Ознакомительная версия. Доступно 13 страниц из 64
Ванечка думал: всё себе там отморозишь… что всё и где там? Ванечка не вполне понимал, но чувствовал: это что-то серьёзное, важное, как-то связанное с самым главным в его жизни предназначением. И от того, что именно мама говорила про это, было как-то особенно страшно и сладостно. Он Ванечка, его любит мама, у него есть всё и оно там, а значит, всё не впустую, всё правильно, всё идёт так, как должно. Ванечка должен беречь себя и особенно то в себе, что самое главное, и тогда всё повторится: мама, папа, пристань – всё будет вечным, а иначе прервётся, замёрзнет. Отморозится.
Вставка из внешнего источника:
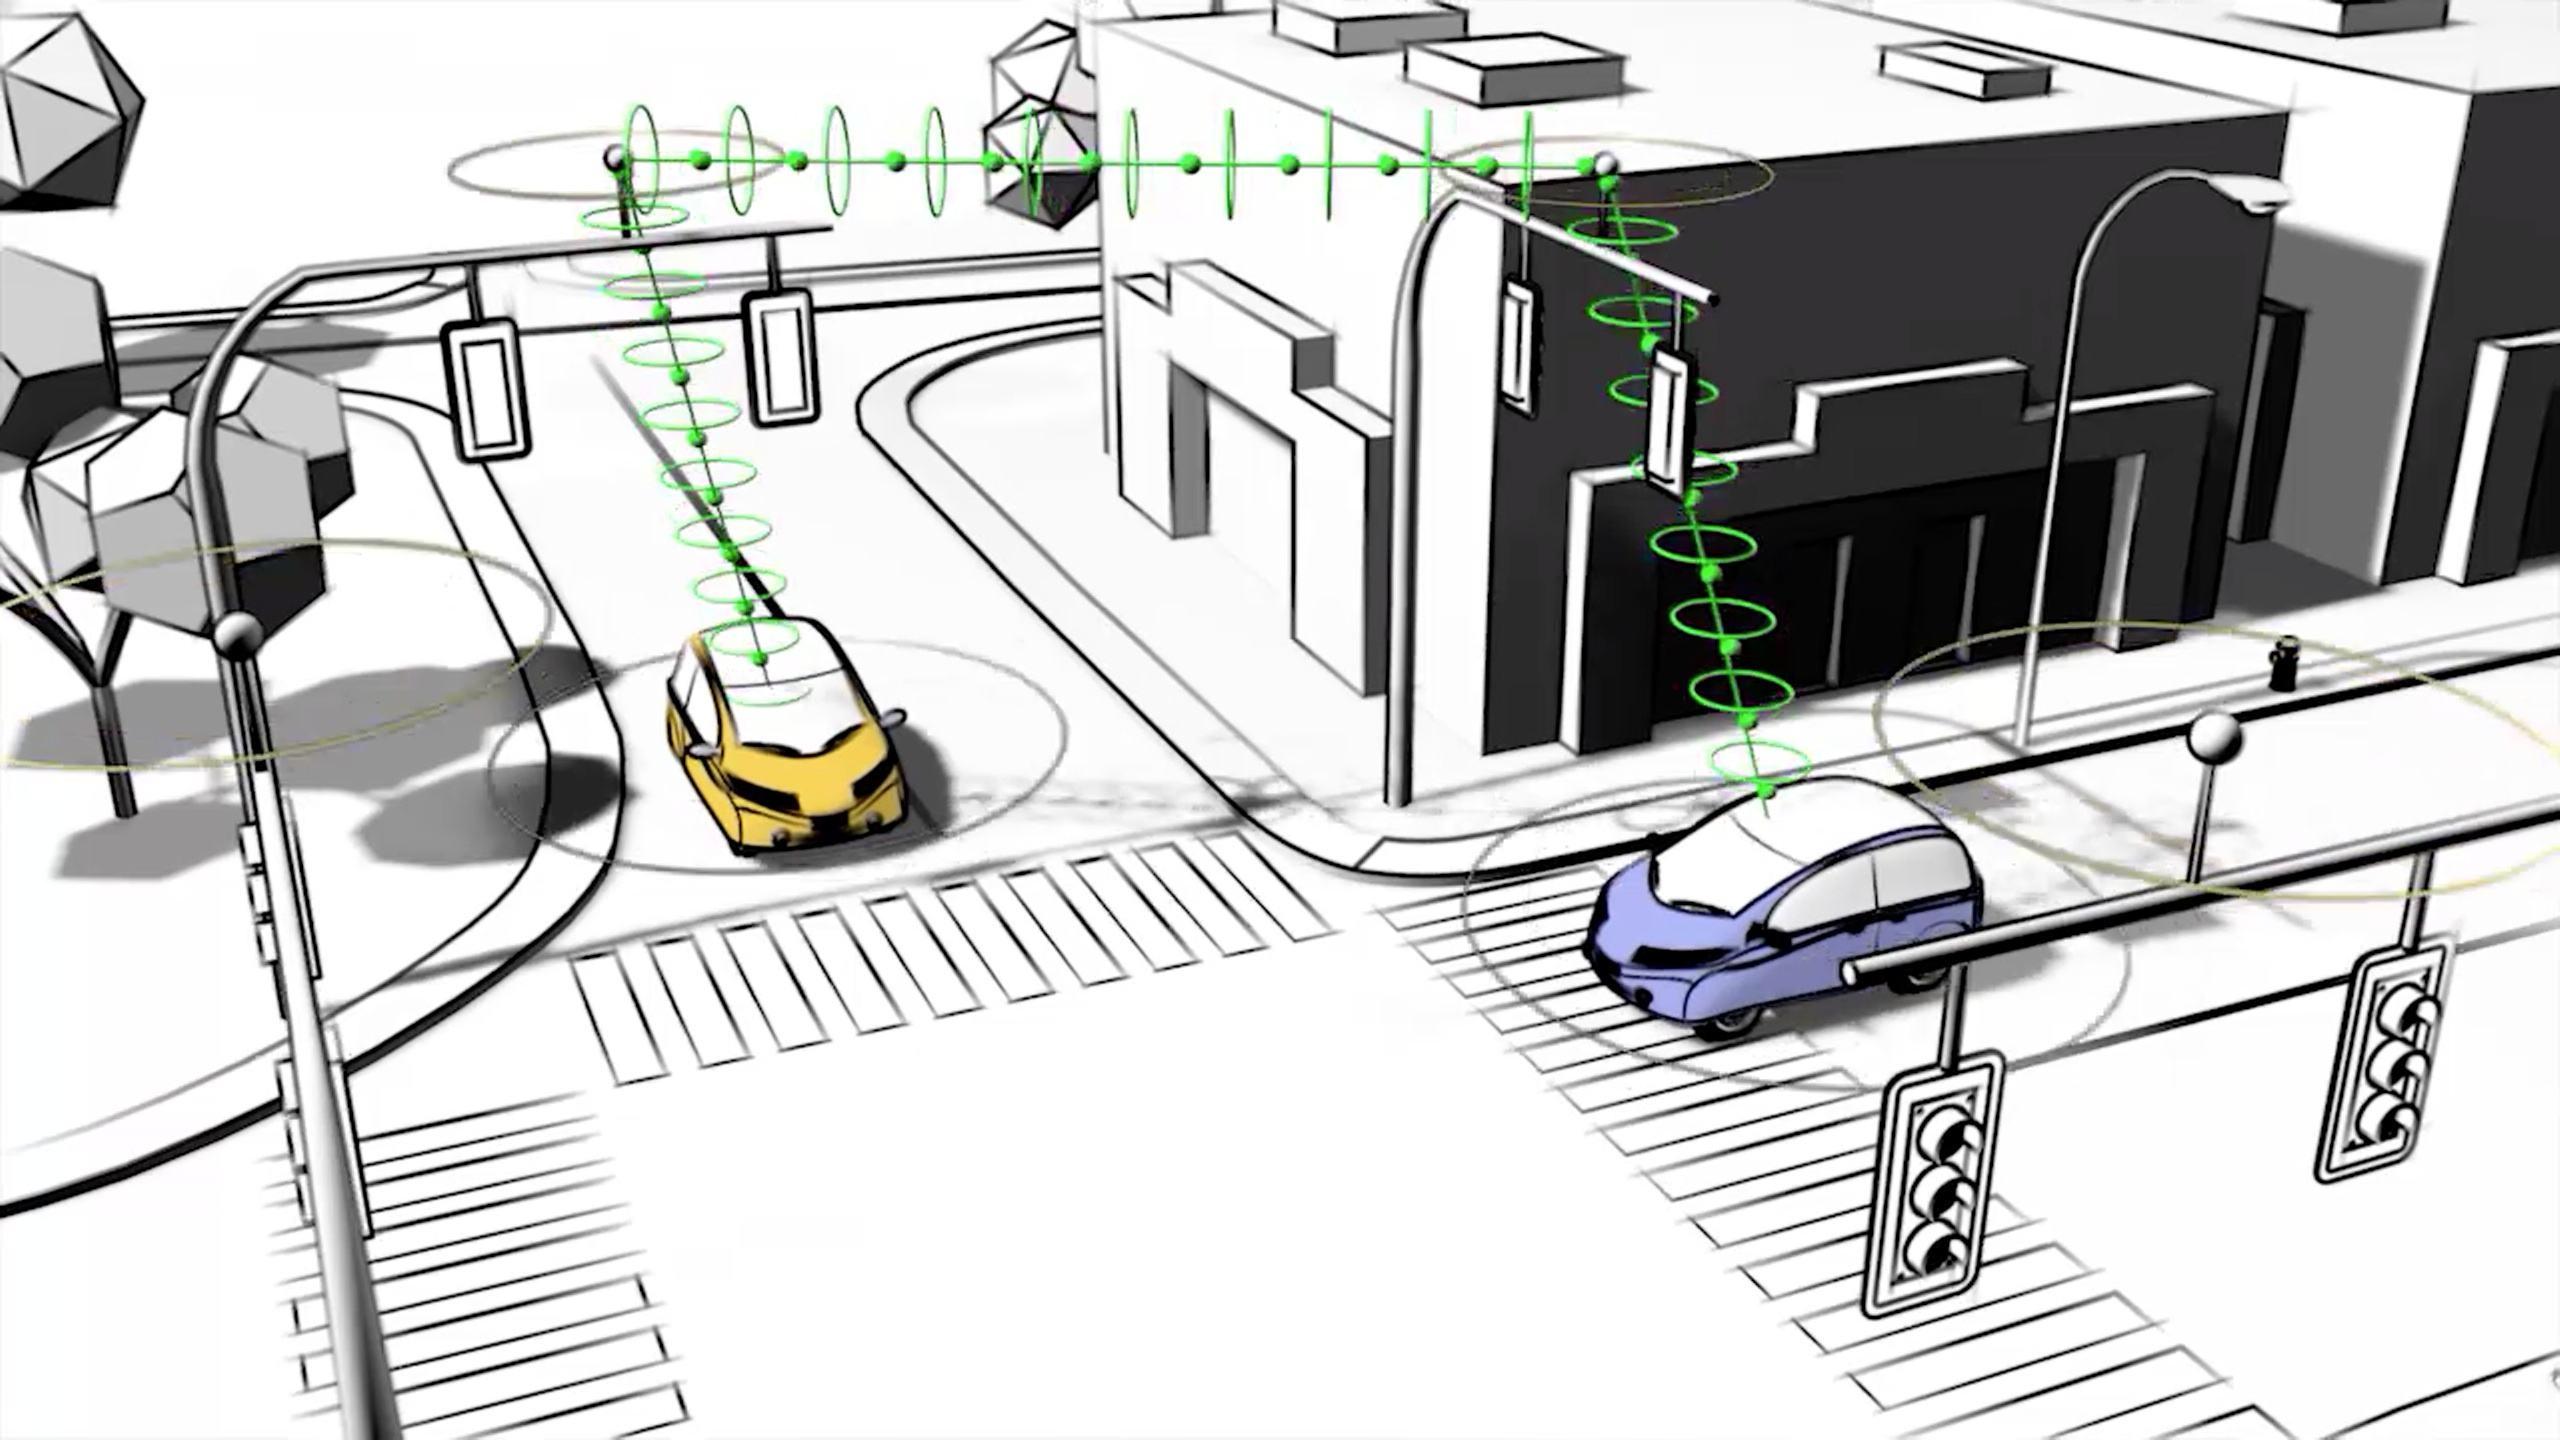 英特尔:多数人认为未来50年内自动驾驶汽车将普及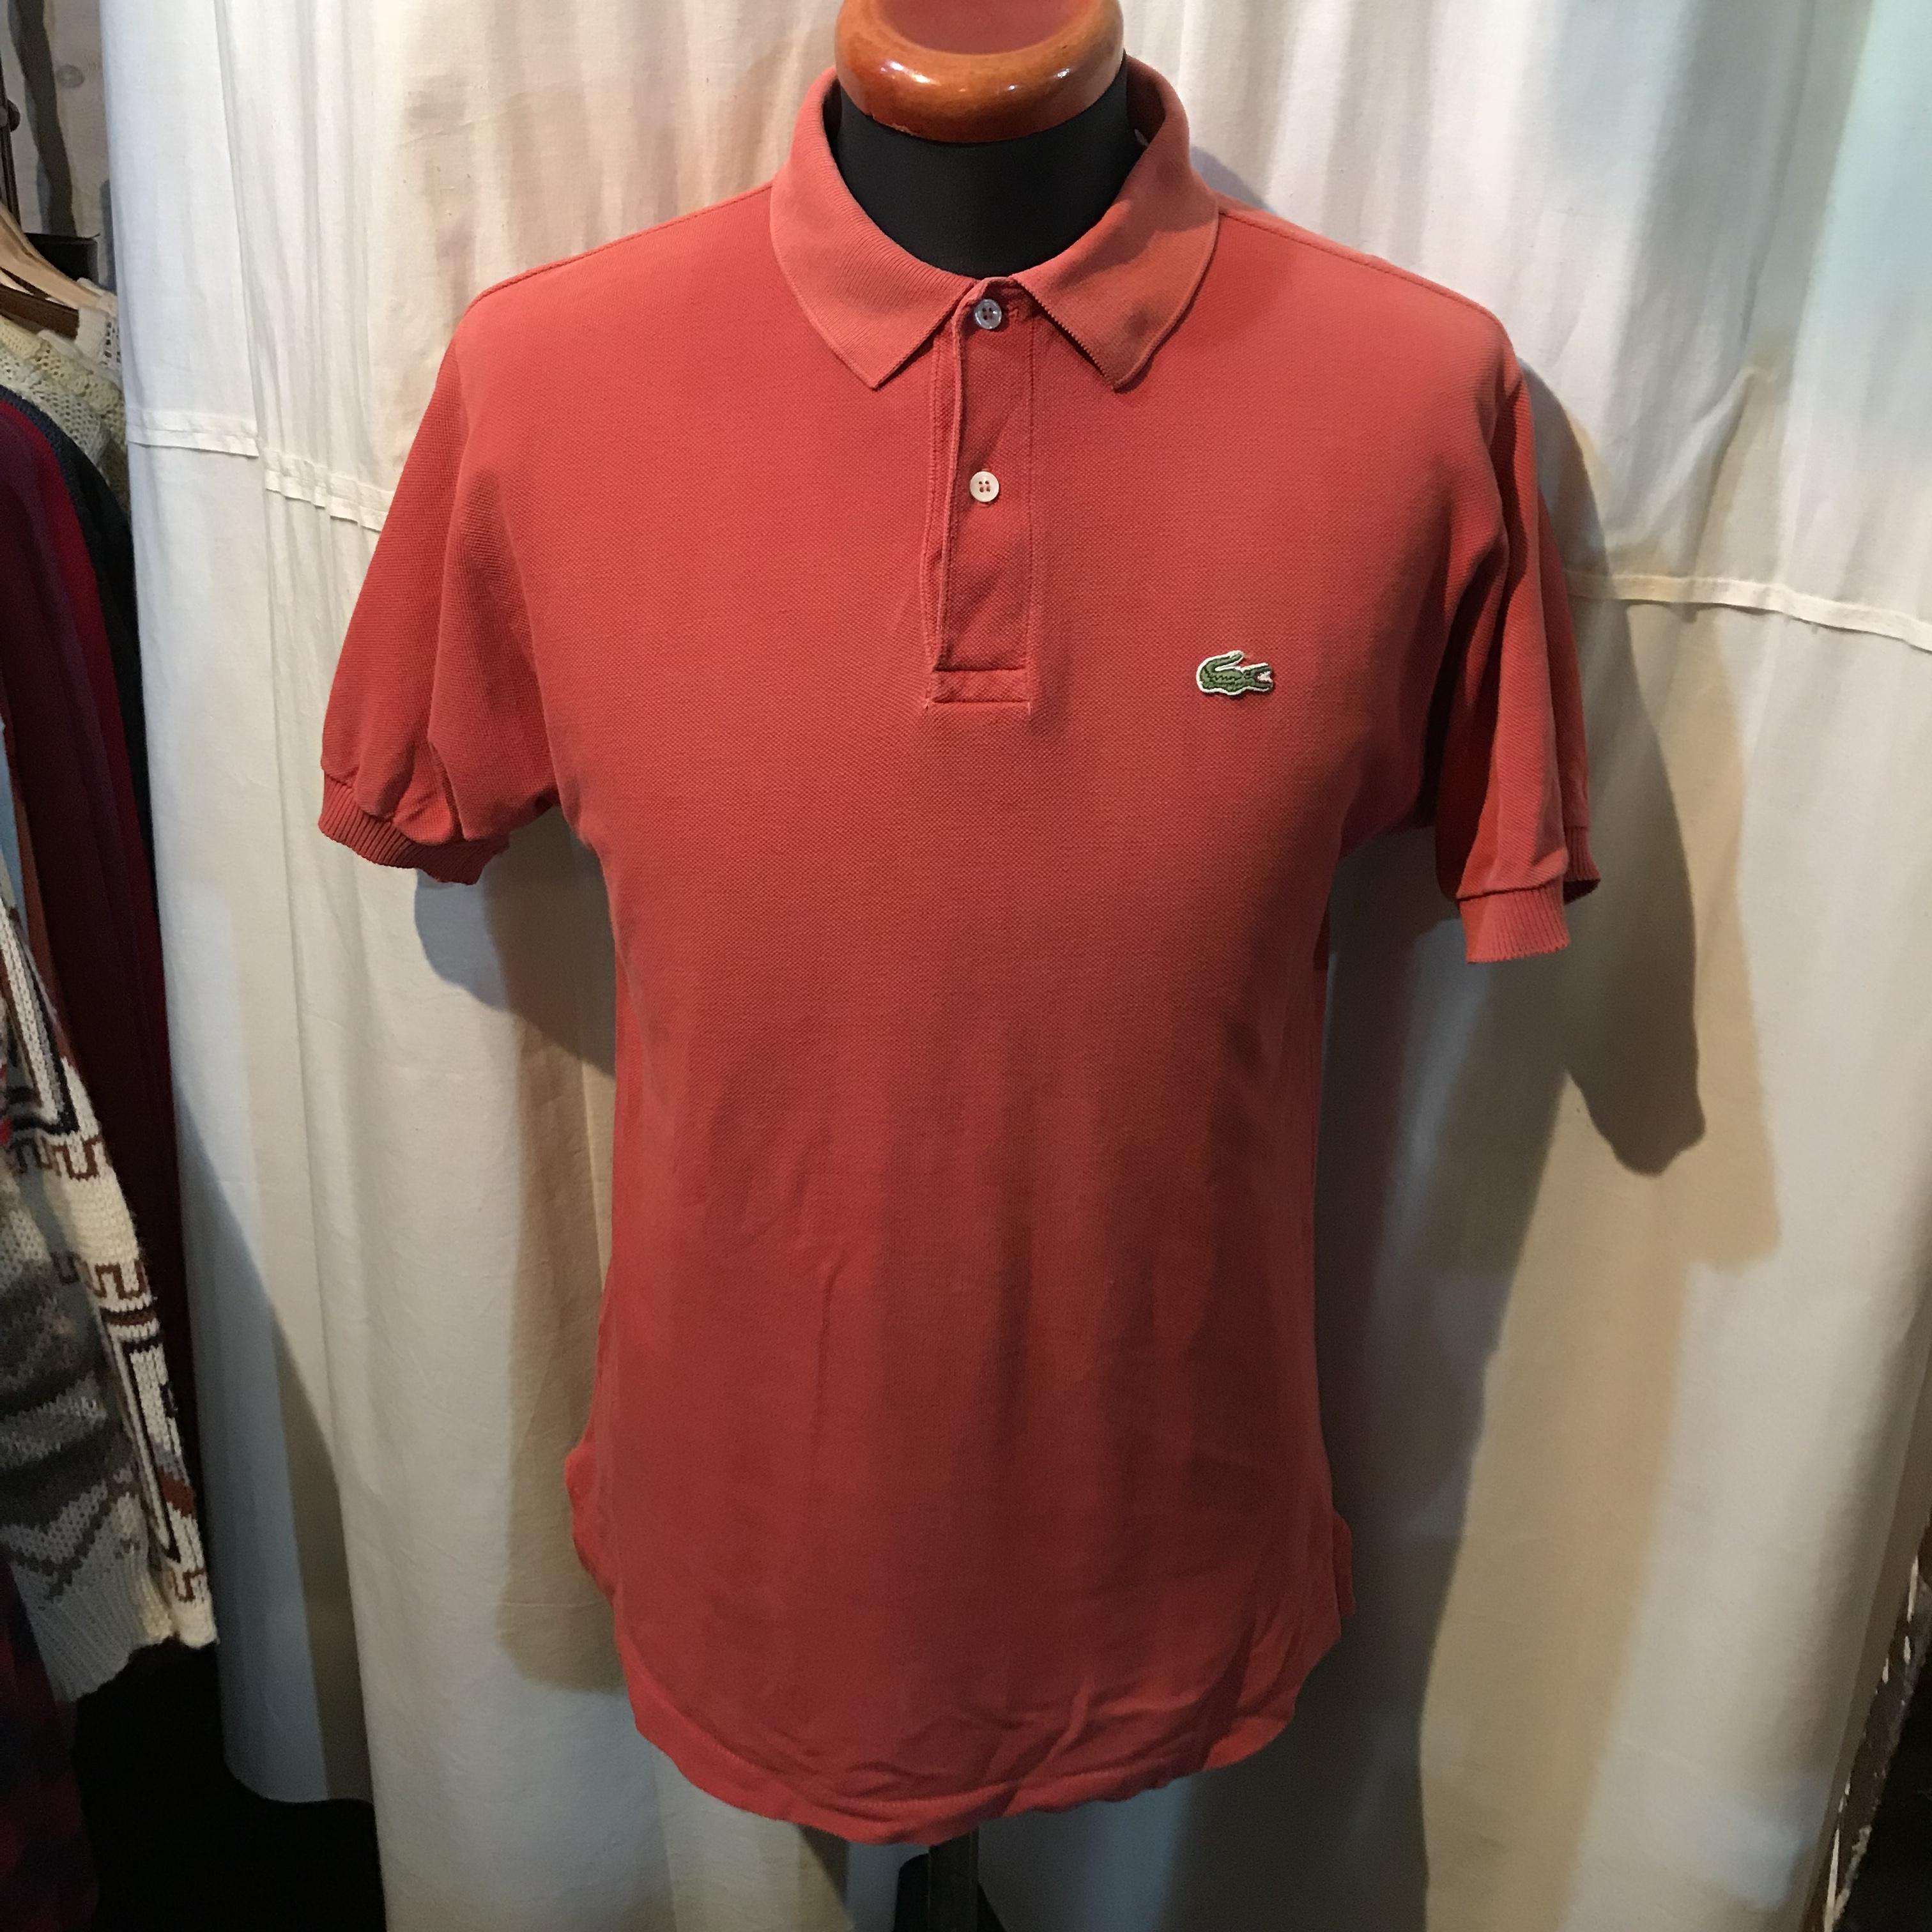 アメリカ製 IZOD LACOSTE ラコステ ポロシャツ USA コットン100% メンズL

Потом Ванечка думал о серой реке Неве. Хотя тогда она была не серой, а синей. Она была синевой, разлитой под ноги, отражённой в земле си-Невой. Ванечка смотрел на реку и думал: это река Не-ва. Не-Ва-нечкина река, другая. Значит, где-то должна быть река Ва. Может быть, она на противоположной стороне Земли? Ванечка вспоминал школьный глобус. Что там было напротив реки Невы? Наверное, Америка. Штат Невада. Нева-да, снова Нева. Где же искать реку Ва? И какая она? Река Нева синяя и холодная. Наверное, река Ва тёплая. Может быть, даже горячая. А по цвету она жёлтая. Или голубая. Или зелёная. На берегах реки Ва растут пальмы. И темнокожие дикари на плотах и каноэ текут вместе с водой реки Ва в тихое тёплое море.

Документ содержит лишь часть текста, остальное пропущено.